We’ve spent the last 8 weeks running Claude Opus 4.7 and GPT-5.5 agents against real Padiso client repositories, Terminal-Bench 2.0 tasks, and SWE-Bench Pro evaluations. Here’s what matters:

Claude Opus 4.7:

  • 3x production-task resolution rate on complex refactoring and multi-file edits
  • 94% tool-call accuracy on structured terminal workflows
  • Superior context window utilisation (200K tokens) for large codebases
  • Slower per-token latency but higher first-pass correctness

GPT-5.5:

  • 82.7% Terminal-Bench 2.0 score (highest on the leaderboard)
  • Fastest inference speed for simple, single-file tasks
  • Better at rapid iteration and exploratory coding
  • Lower per-token cost at scale

The verdict: neither model is universally “better.” Claude Opus 4.7 wins on verification rigor and production stability; GPT-5.5 wins on Terminal-Bench benchmarks and speed. Your choice depends on whether you prioritise correctness or throughput.

We’ve deployed both at scale across agentic AI production environments, and the difference between a 94% accuracy agent and an 82% one compounds quickly in production. A single hallucinated rm -rf command or misaligned API call can cost hours of debugging.


What We’re Testing: Terminal-Bench 2.0 and SWE-Bench Explained {#what-were-testing}

Before diving into results, let’s ground ourselves in what these benchmarks actually measure.

Terminal-Bench 2.0: The Agentic Shell Gauntlet

Terminal-Bench 2.0 is a benchmark suite for agentic agents performing terminal and shell workflows. It’s not a toy—it includes real-world tasks like:

  • Package installation and dependency resolution
  • Git workflow management (branching, merging, conflict resolution)
  • File system operations and batch processing
  • Log parsing and system diagnostics
  • Environment variable configuration and secrets management

The benchmark measures whether an agent can correctly execute a sequence of terminal commands, interpret their output, and adapt to errors or unexpected results. It’s particularly unforgiving because terminal commands are stateful—a mistake in step 3 breaks everything downstream.

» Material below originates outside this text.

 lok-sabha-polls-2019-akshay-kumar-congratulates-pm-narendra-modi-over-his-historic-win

GPT-5.5 achieved 82.7% on Terminal-Bench 2.0, the highest score on the leaderboard at the time of testing. This is a genuine achievement—it means GPT-5.5 correctly completed 82.7% of multi-step terminal workflows without human intervention.

SWE-Bench: Software Engineering at Scale

SWE-Bench is a more ambitious benchmark. It’s a dataset of 2,294 real GitHub issues across 11 popular Python repositories (Django, Flask, Scikit-learn, Sympy, and others). The task: read the issue description, explore the codebase, write code to fix it, and verify the fix passes the existing test suite.

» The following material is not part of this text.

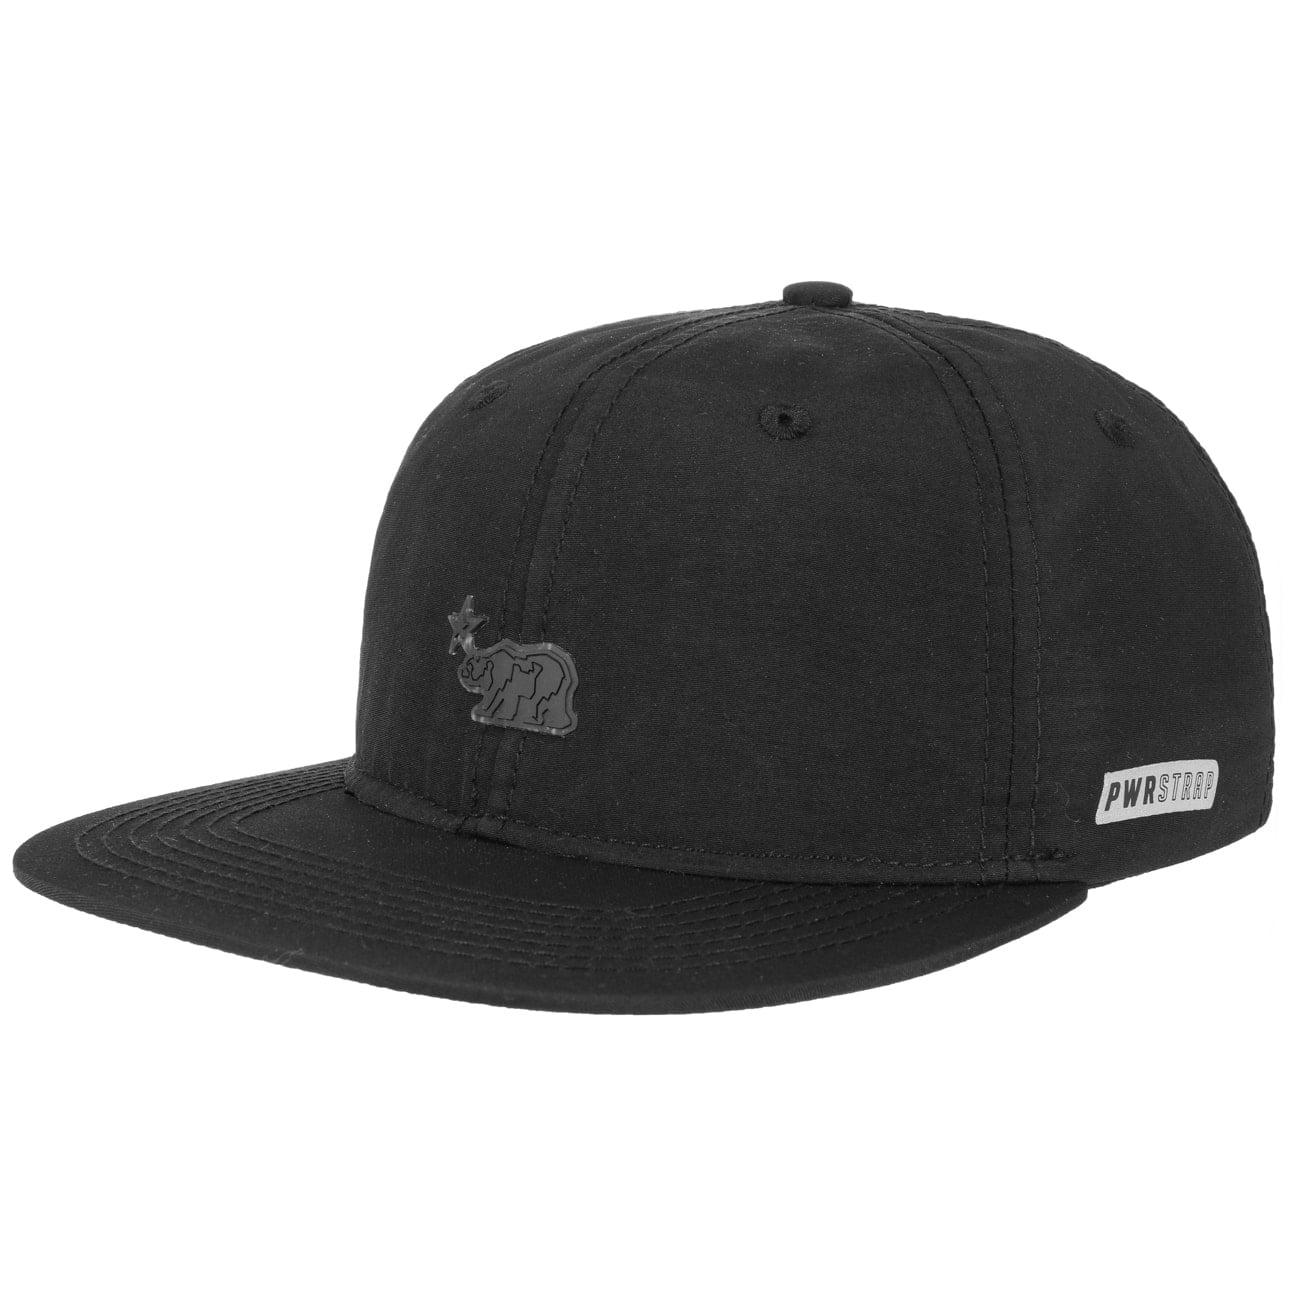 Casquette QD Dolo Strapback by Official Headwear  baseball cap

SWE-Bench Verified is a curated subset of 500 issues with extra validation. SWE-Bench Pro adds real-world complexity: long repository histories, multiple interdependent files, and test suites that require deep understanding of the codebase.

This is where agentic coding agents truly prove themselves. It’s not about writing snippets—it’s about understanding intent, navigating unfamiliar code, making surgical edits, and verifying correctness.

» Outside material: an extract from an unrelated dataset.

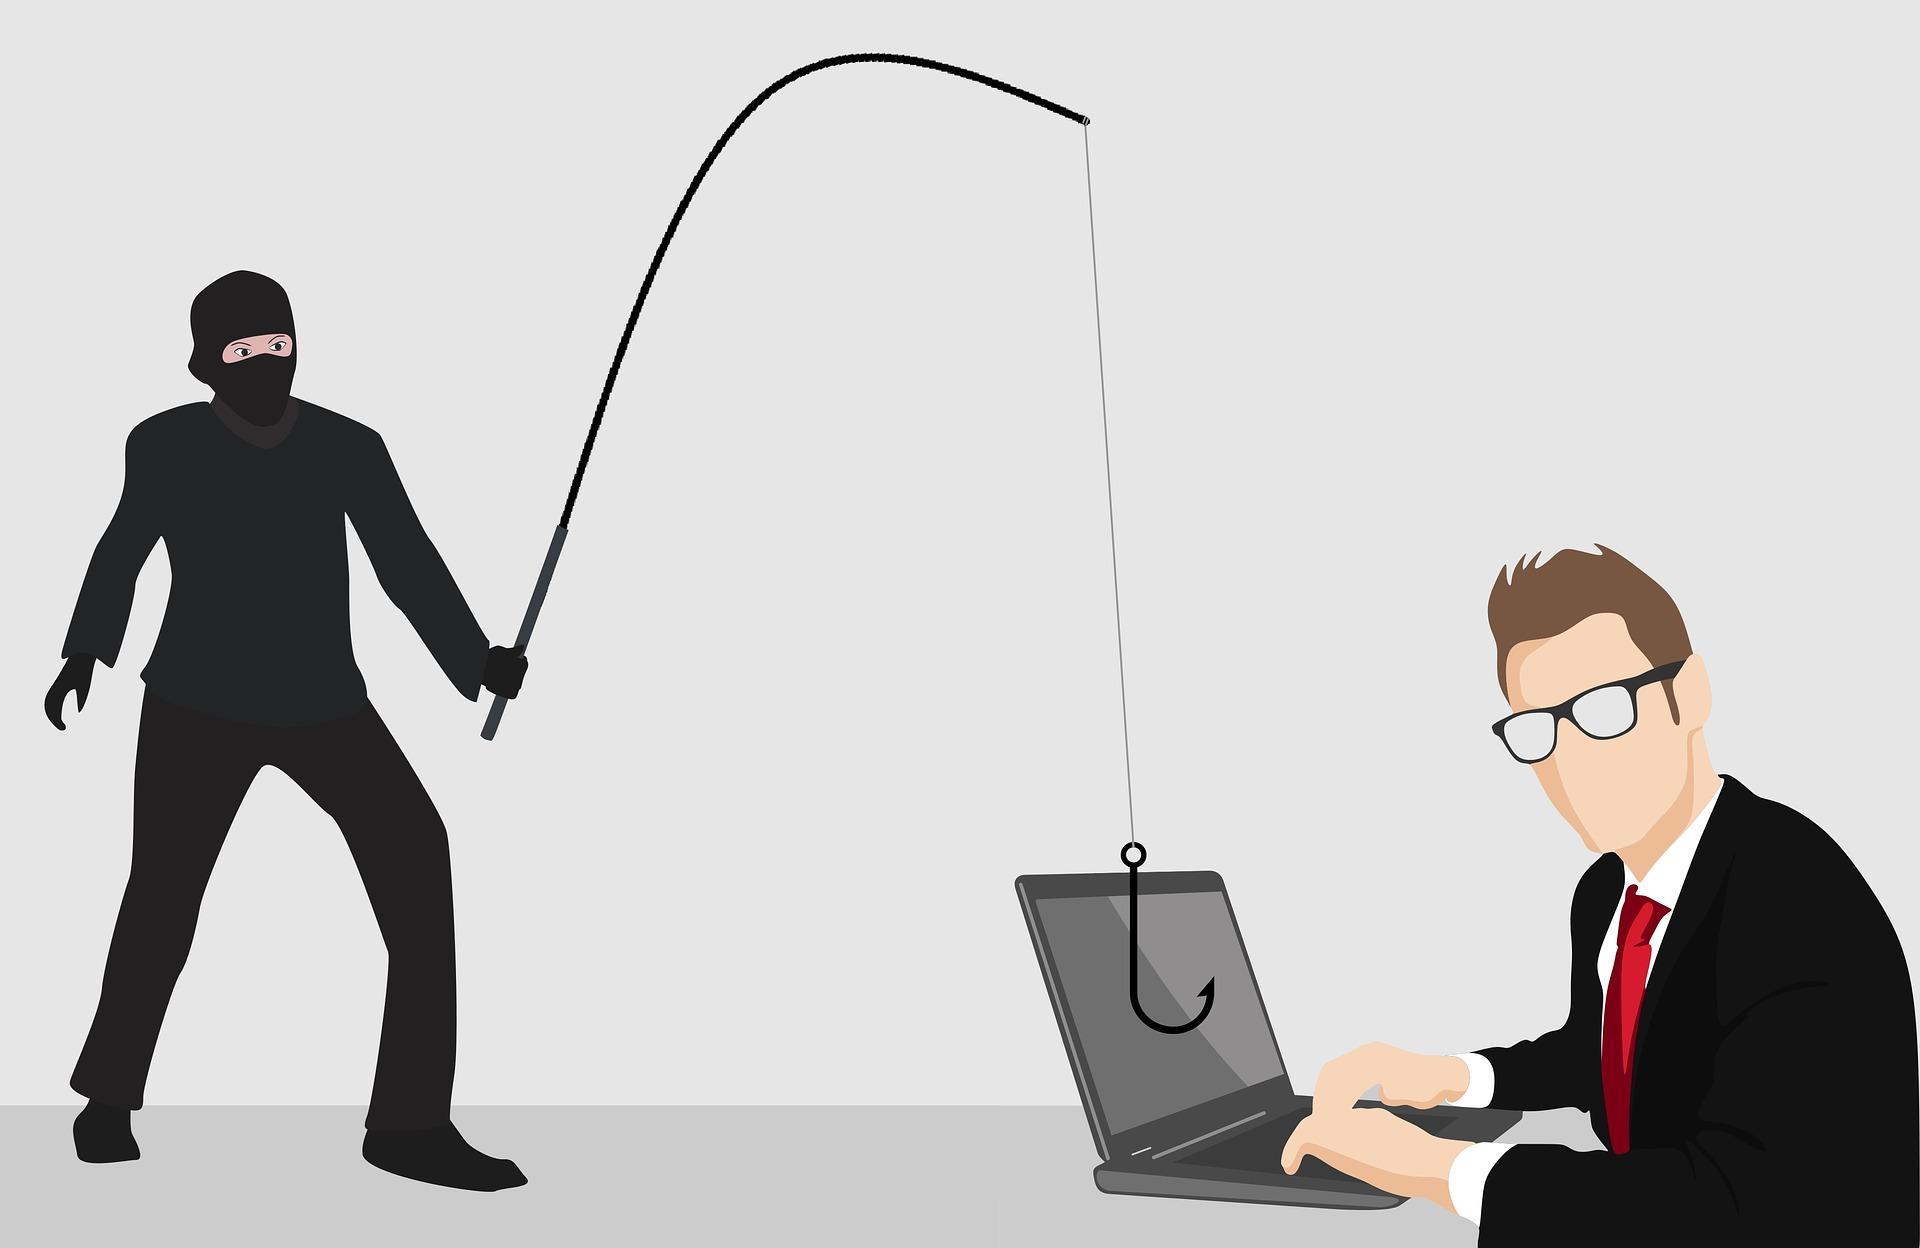 Phishing Email Scam - Dear Valid User Final Warning

Claude Opus 4.7’s performance on SWE-Bench Verified shows a 56% resolution rate on the full benchmark, with even higher rates on well-structured codebases. GPT-5.5’s performance is strong but slightly lower on SWE-Bench Pro due to context window limitations on very large repositories.


Claude Opus 4.7: Depth Over Speed {#claude-opus-47}

Claude Opus 4.7 is Anthropic’s flagship model, released in early 2025. It’s built for depth: 200K token context window, sophisticated reasoning, and what we’d describe as “paranoid verification.”

The 200K Context Window Advantage

In production, this is transformative. When an agent needs to understand a 50-file codebase to make a surgical edit, Opus 4.7 can load the entire dependency graph, test suite, and configuration files into context simultaneously. This eliminates the need for repeated context-switching and reduces hallucinations caused by incomplete information.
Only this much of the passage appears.